Прежде чем мне поставили диагноз, мать водила меня к врачу. С тех пор май для меня — роковой месяц. У меня предчувствие, может быть, ошибочное, что я умру в мае. Май всегда прекрасен, но в том году он был особенно прекрасным. Болезнь, высокая температура, яркое солнце — все вместе возбуждало меня и одновременно наводило безграничную грусть. Ветер на улицах гнал клубы пыли, на всем был налет эротичности: нарождающаяся сексуальность, созревание, женщины без пальто, — что-то сладко-горькое, противное и вместе с тем блаженное обволакивало мою жалкую тощую фигуру в очках. Мир, внезапно расширившийся благодаря маю и уникальным историческим событиям, казалось, возносил меня ввысь и в то же время был невыносим.
В июне кончилась школа. Надо было решать, что делать дальше. В условиях Третьего рейха в моем распоряжении были следующие профучилища: торговое — двухлетние курсы для продавцов — и химическое, выпускающее лаборантов с начальными знаниями для химической промышленности.
И это все. По окончании семилетки мне предстояло пополнить ряды трудящихся поляков, получать раз в месяц натуроплату водкой, продовольственный паек и необходимый запас наличных на курево в купюрах Генерал-губернаторства[41]. Тем временем приходили все более волнующие вести. На Восточном фронте бои шли уже в границах довоенной Польши, на Западном — войска союзников прочно укрепились в Нормандии и через Ла-Манш прибывали все новые подкрепления, а разгромленные люфтваффе прекратили свое существование. Отец принес с почты тревожное известие: в гестапо поступили доносы, и надо ожидать арестов. В считанные дни мы собрались, заперли квартиру и уехали в Боженчин.

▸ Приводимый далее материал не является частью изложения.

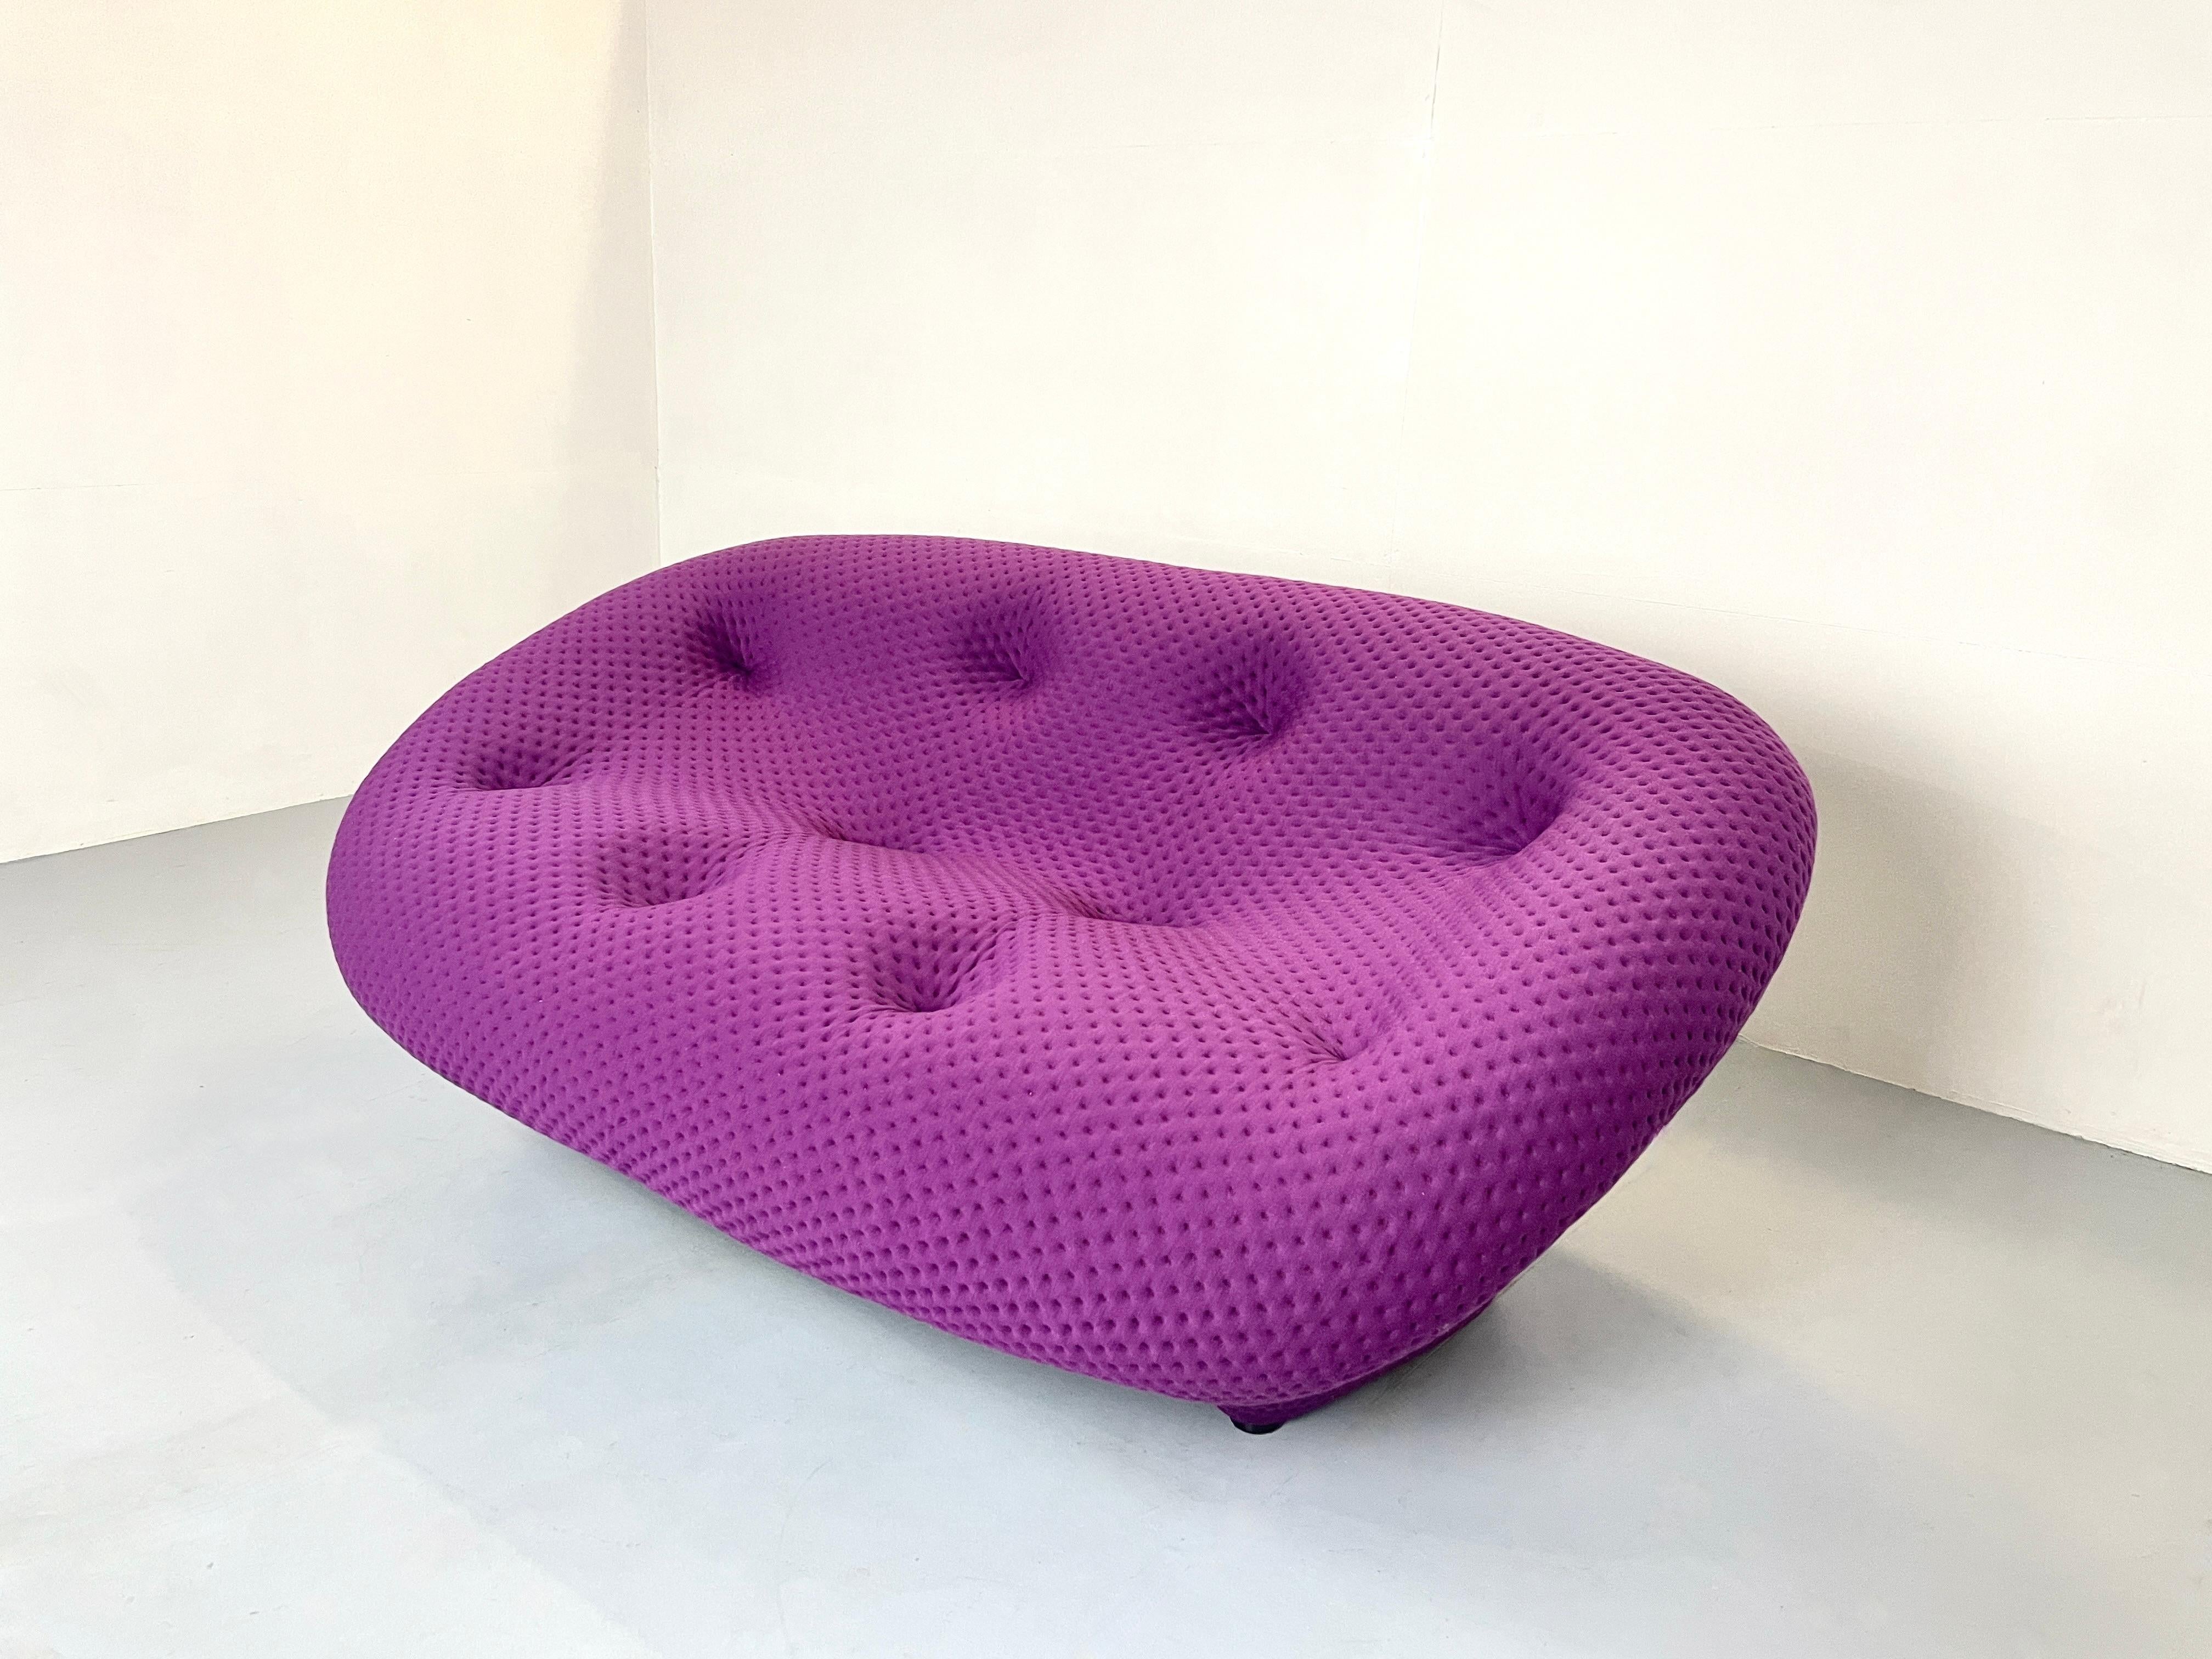 Designer Ronan and Erwan Bourellec


The Ligne Roset Ploum is an extremely comfortable sofa made of extra supple foam in combination with a stretch lining. The couch invites you to linger. The backrest and the seat are upholstered, which gives the

Я не был в Боженчине два года. Теперь тут стало небезопасно. Рота немецкой жандармерии завладела так называемым Католическим домом — двухэтажным зданием с театральным залом, в котором прихожане представляли благочестивый репертуар. Католический дом соседствовал с дедовским, и теперь не стоило близко к нему подходить. Только издалека и украдкой я посматривал на двух украинок, привезенных жандармами. Бабы хоть куда, держались вместе, стирали, штопали и говорили на незнакомом языке.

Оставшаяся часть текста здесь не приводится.